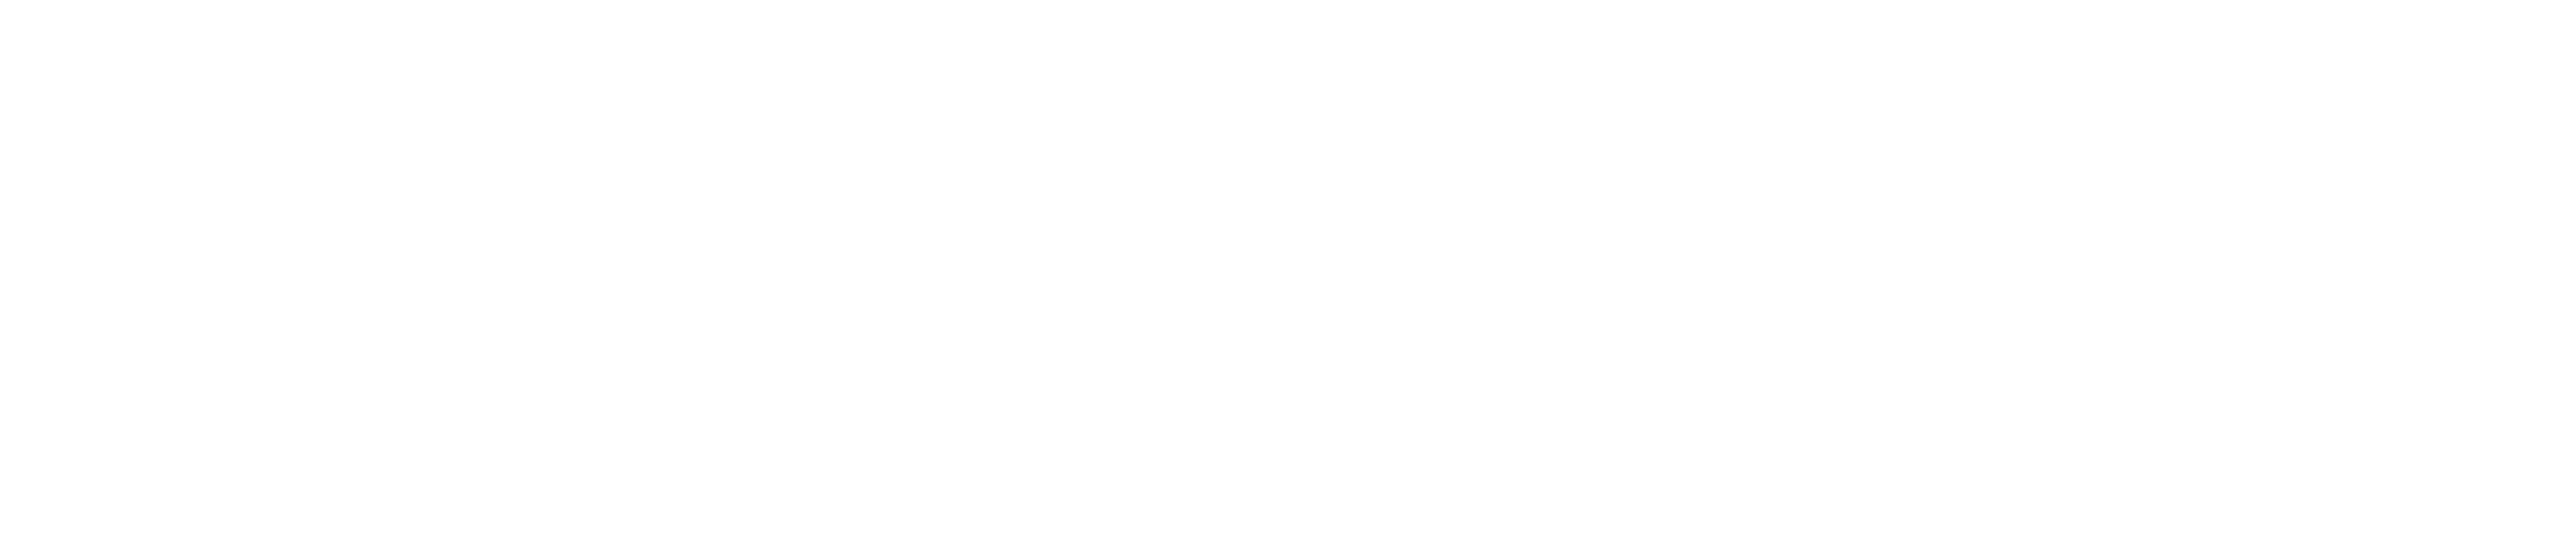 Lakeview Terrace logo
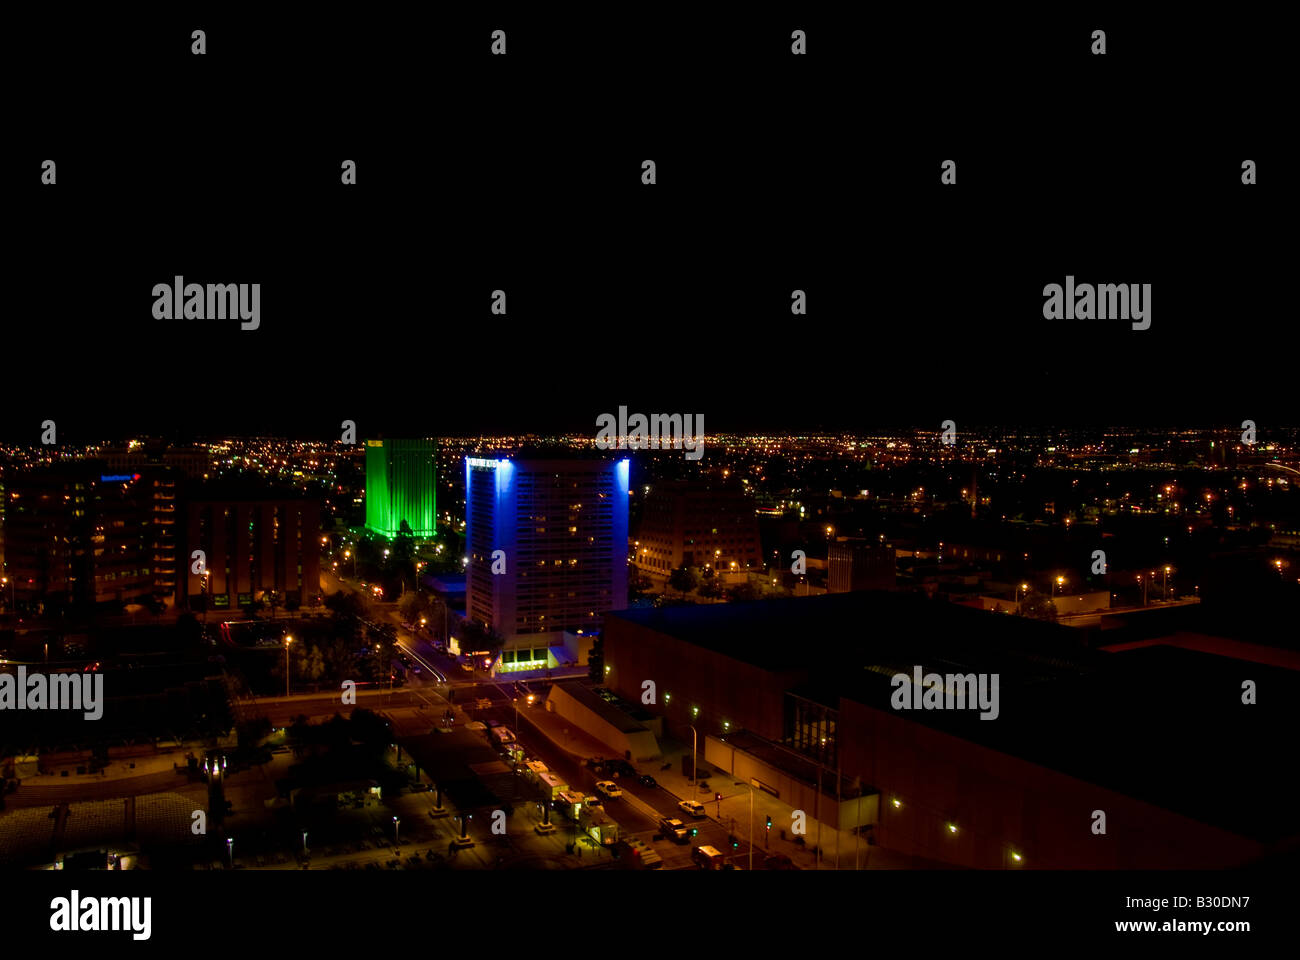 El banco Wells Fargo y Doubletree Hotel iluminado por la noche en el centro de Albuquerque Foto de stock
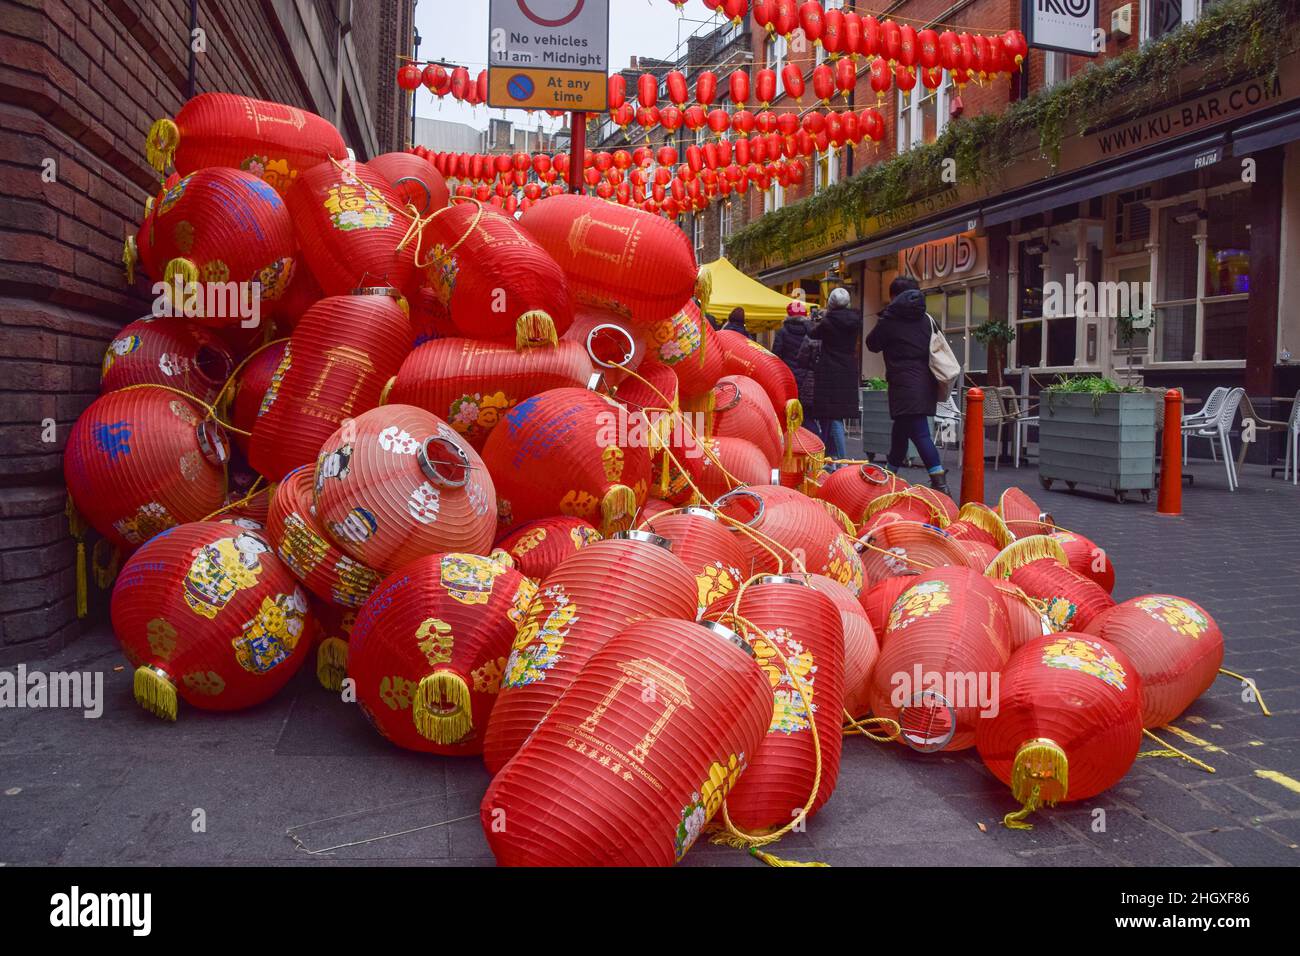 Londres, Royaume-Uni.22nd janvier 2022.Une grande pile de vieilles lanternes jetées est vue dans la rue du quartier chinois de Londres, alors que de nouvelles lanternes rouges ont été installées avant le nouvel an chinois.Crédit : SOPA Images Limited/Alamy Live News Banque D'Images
------
Every line of the data should be copied as it stands, without the images.

Finished exercise:
 Lakeview Terrace logo
 El banco Wells Fargo y Doubletree Hotel iluminado por la noche en el centro de Albuquerque Foto de stock
 Londres, Royaume-Uni.22nd janvier 2022.Une grande pile de vieilles lanternes jetées est vue dans la rue du quartier chinois de Londres, alors que de nouvelles lanternes rouges ont été installées avant le nouvel an chinois.Crédit : SOPA Images Limited/Alamy Live News Banque D'Images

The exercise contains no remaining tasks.